[gmx-users] hanging regression test with MPI-enabled GROMACS v4.6.1 or v4.6.5 (GCC/OpenMPI/OpenBLAS/FFTW)
Kenneth Hoste
kenneth.hoste at ugent.be
Mon Dec 23 00:04:10 CET 2013
A small update on this:
* I also ran into this issue with MPICH2, but things were fine and dandy with MVAPICH2, no idea why
* the issue was resolved by setting the environment variable $OMP_NUM_THREADS to 1, which suggests this is a thread-safety issue (not sure where though)
K.
On 20 Dec 2013, at 22:37, Kenneth Hoste wrote:
> Hello,
>
> I'm having trouble with the GROMACS regression test hanging with a GROMACS built with a GCC/OpenMPI/OpenBLAS/FFTW toolchain, when MPI support is enabled (both with and without OpenMP support).
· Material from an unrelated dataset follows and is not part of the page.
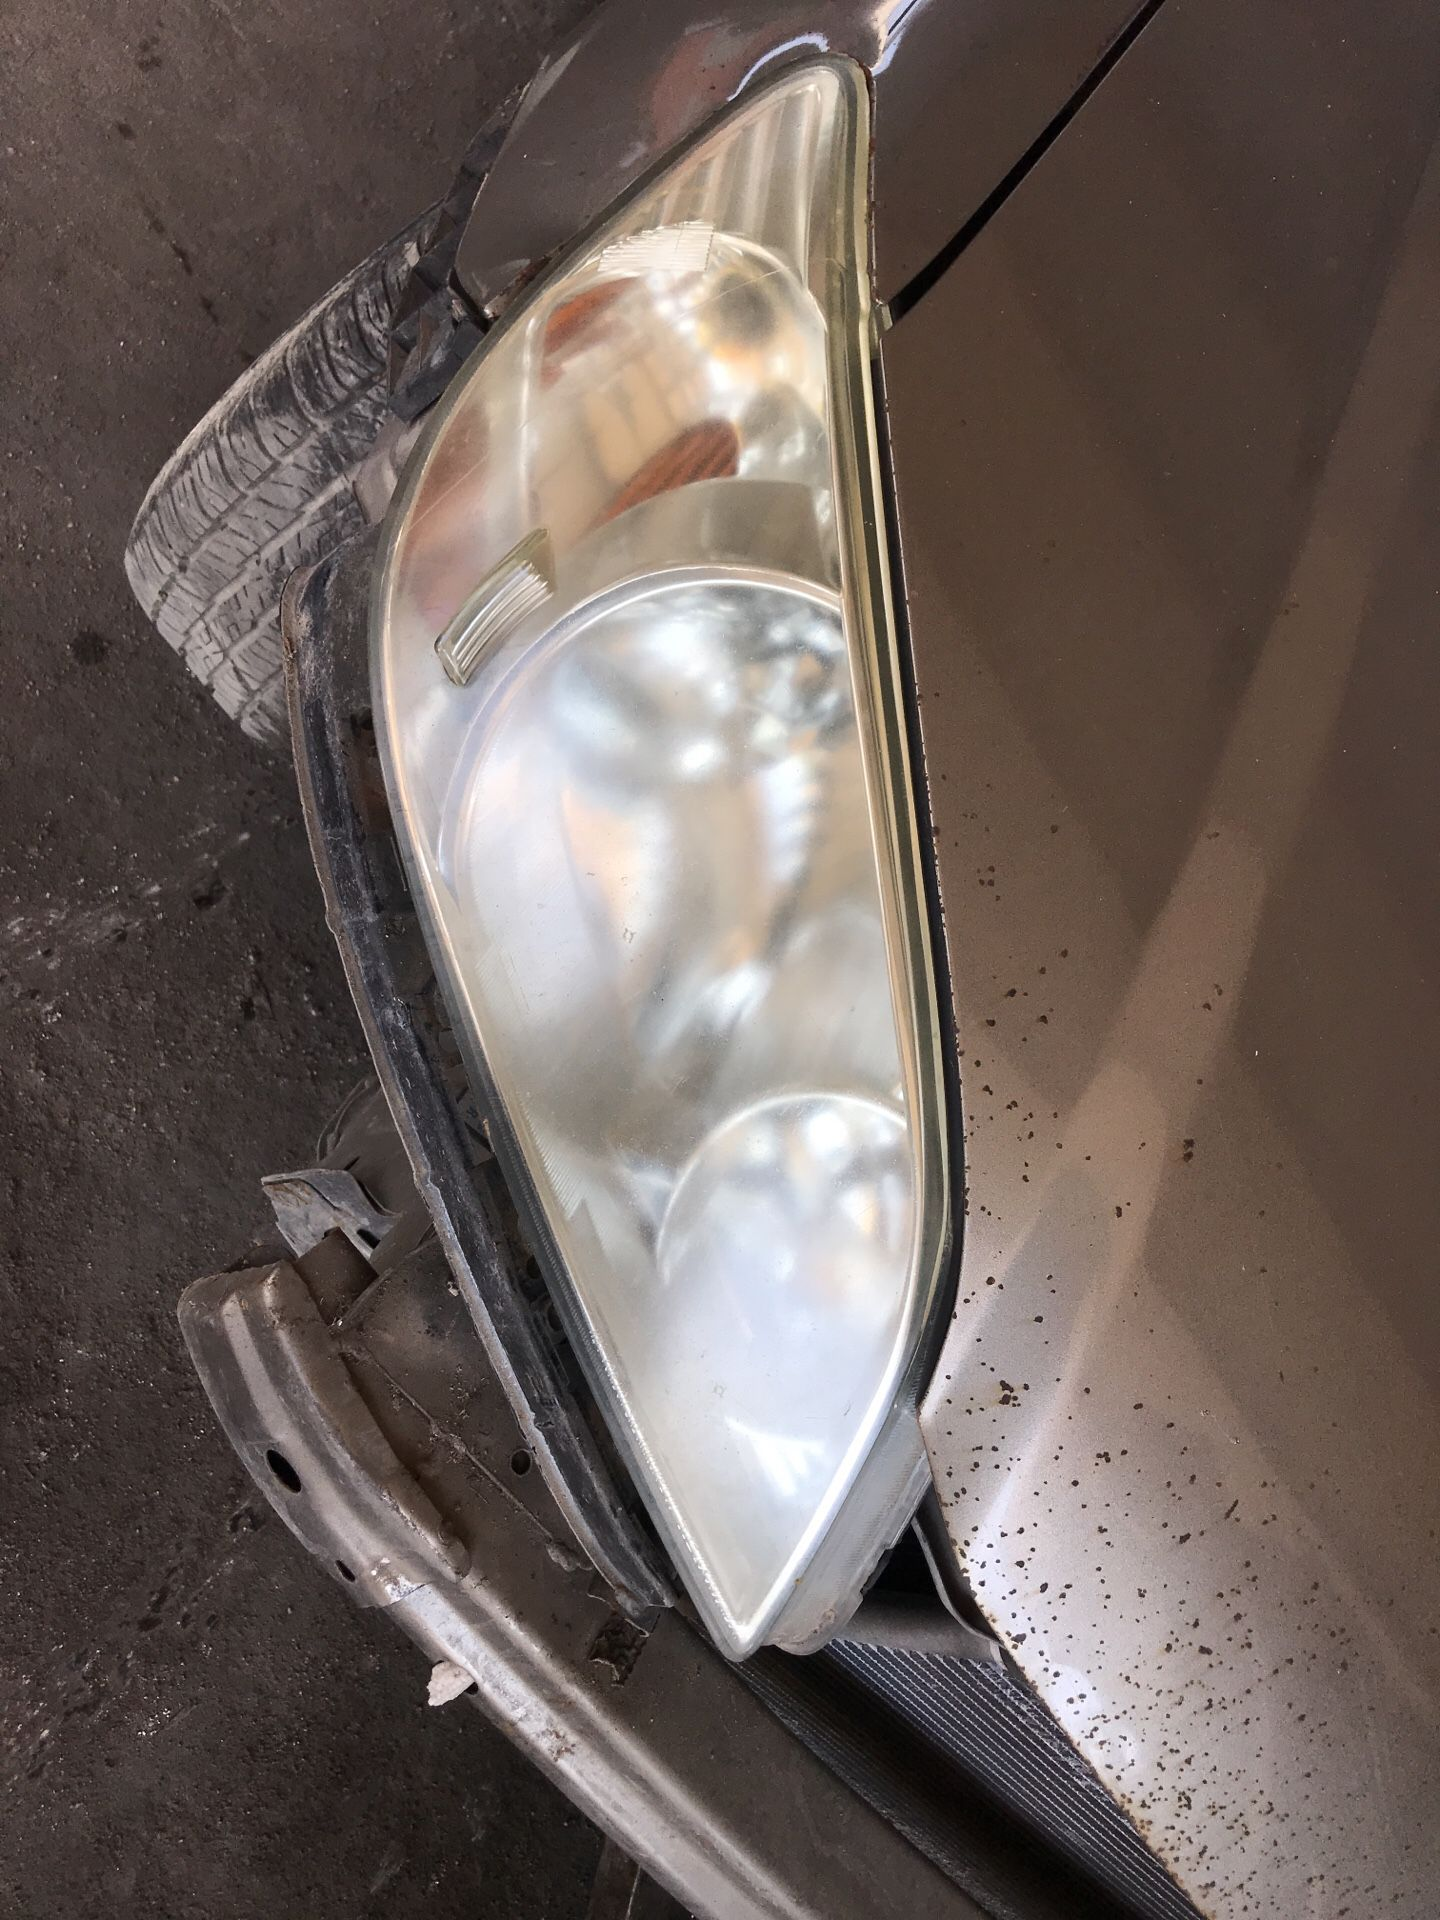 Left and right 04 Honda Civic headlights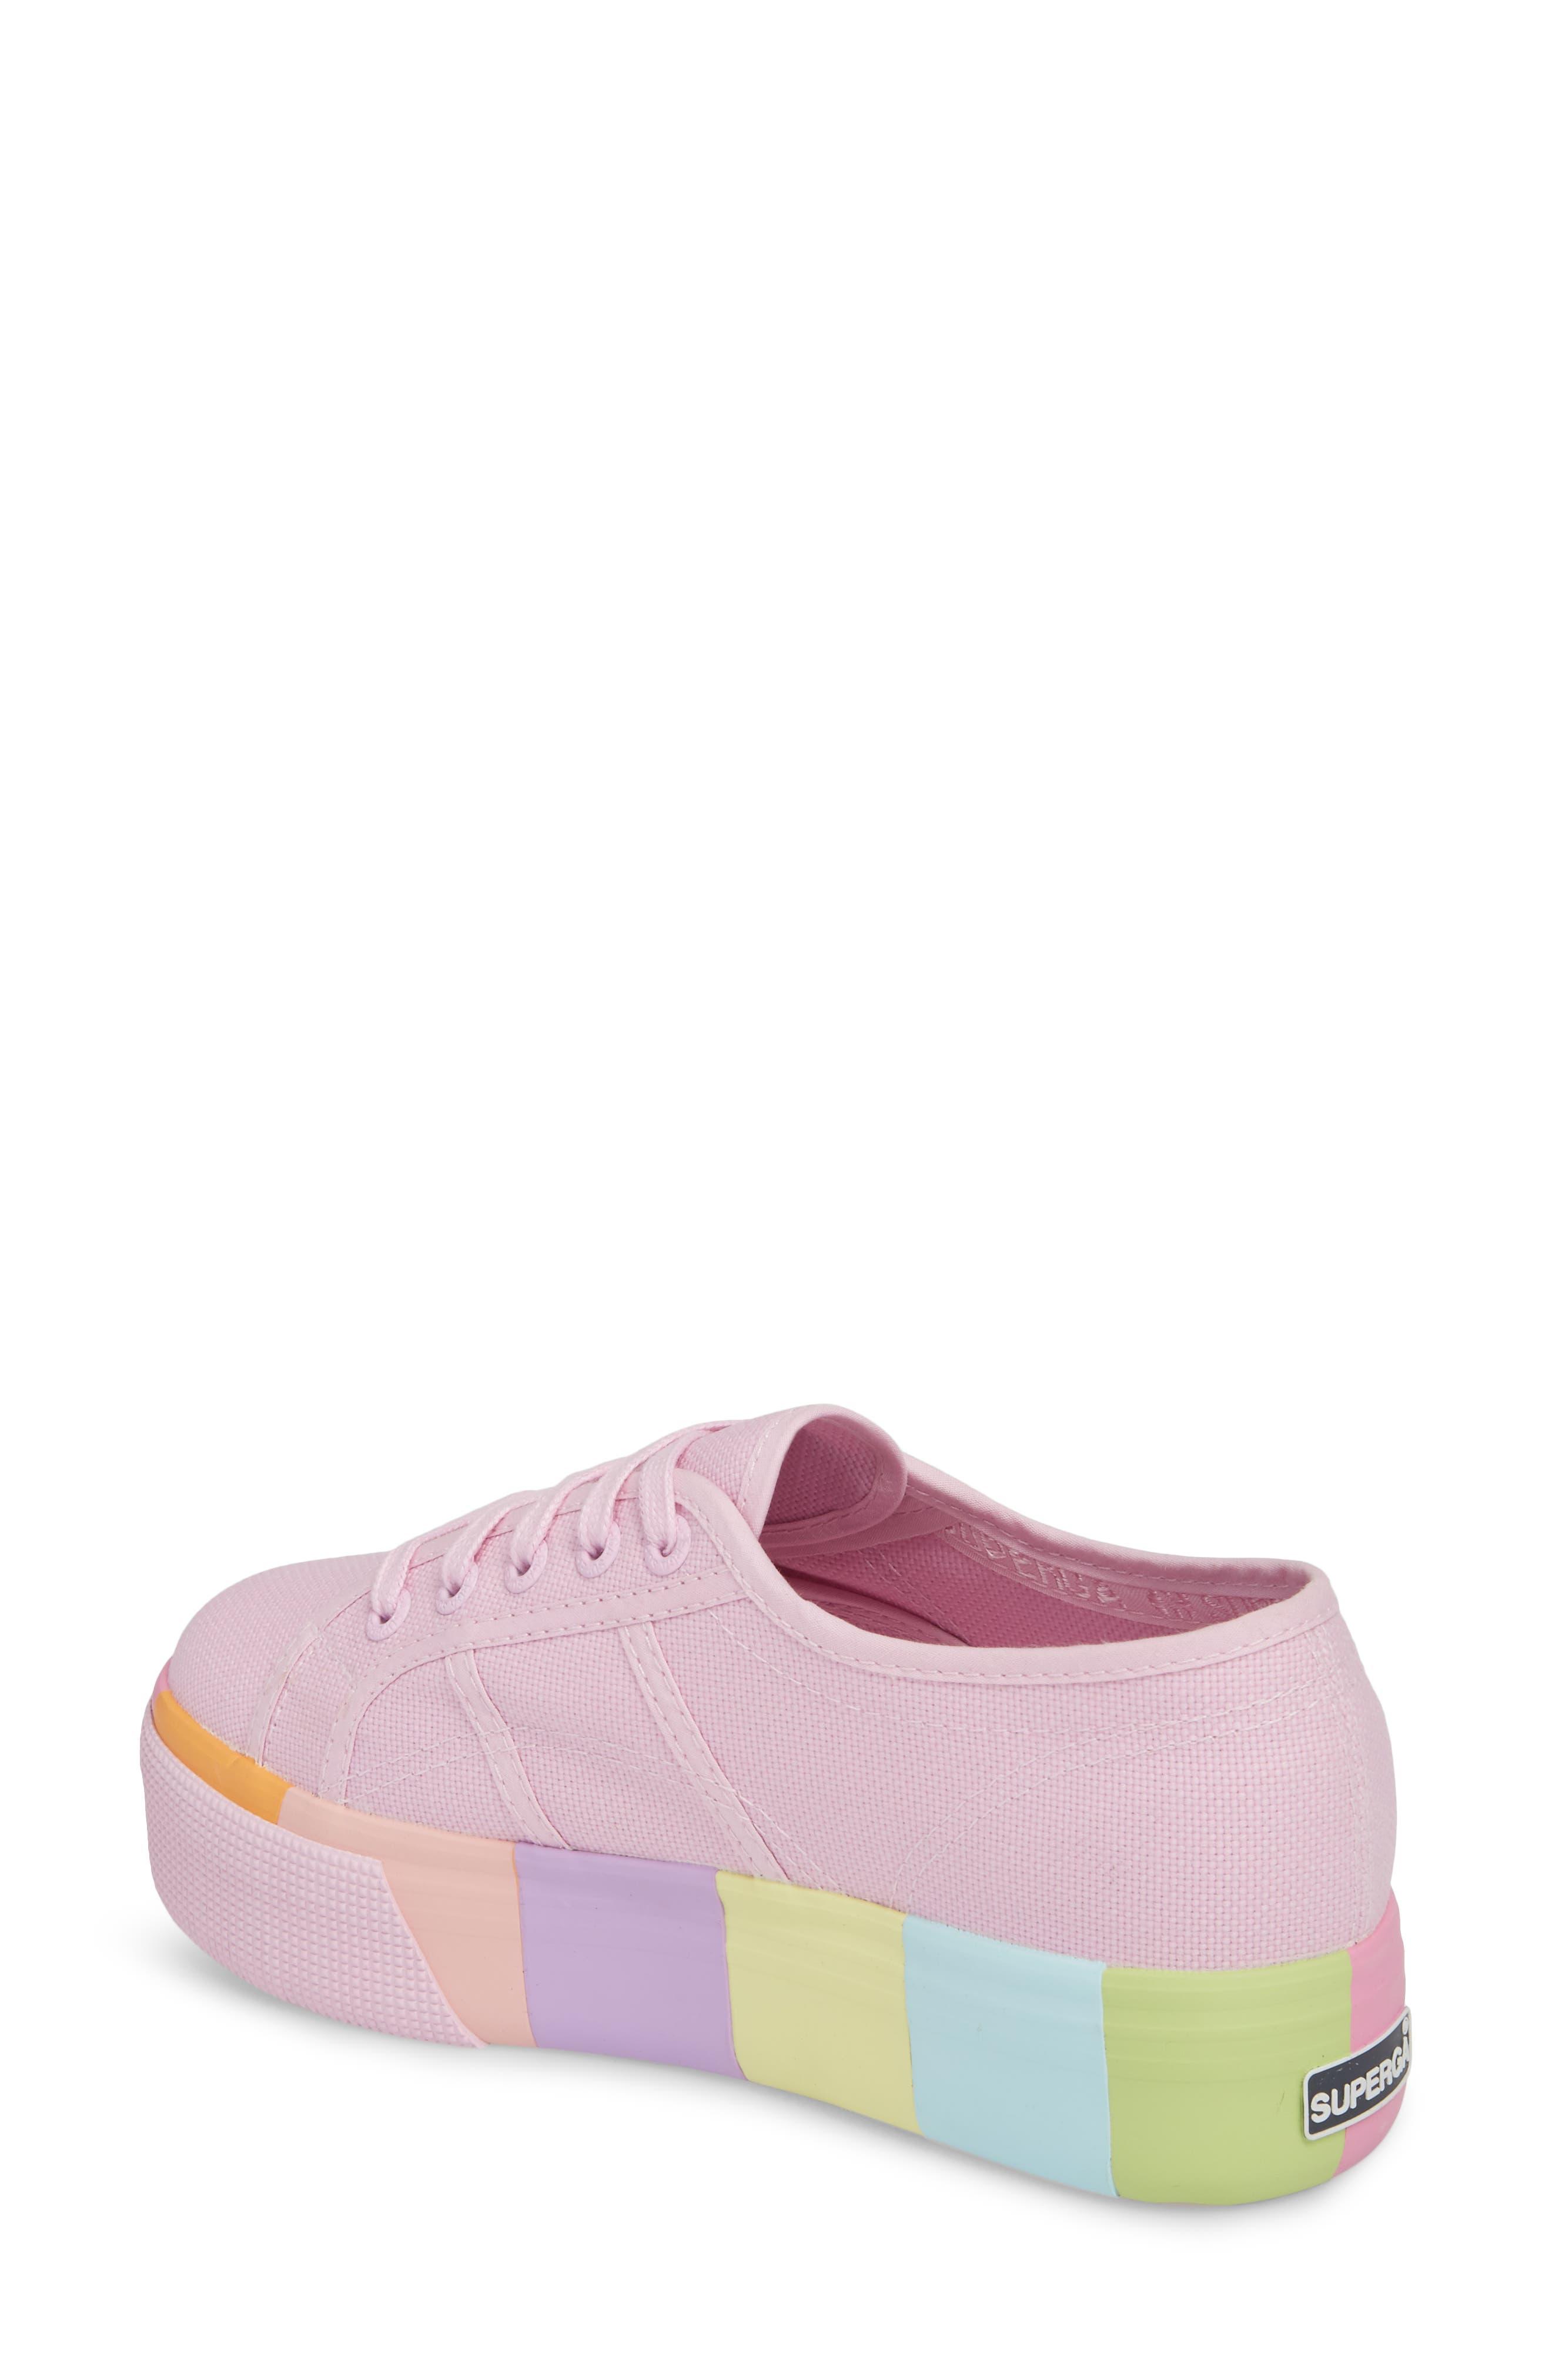 2790 Platform Sneaker,                             Alternate thumbnail 2, color,                             Pink

> The tests work fine when I'm using the exact same build procedure, except for enabling MPI support (an OpenMP-only build works fine).
>
> When I'm using Intel compilers + Intel MPI + Intel MKL, all is well (MPI or hybrid build works fine), but I'd like to be able to get a working build with GCC+OpenMPI as well.
>
> I'm seeing these problems with both GROMACS v4.6.1 and v4.6.5, on a Linux 64-bit (Scientific Linux 6), Intel Sandy Bridge system.
>
> In particular, I'm seeing this issue with the following combinations:
>
> * GCC 4.6.4, OpenMPI 1.6.4, OpenBLAS 0.2.6, FFTW 3.3.3 (+ CUDA 5.0.35)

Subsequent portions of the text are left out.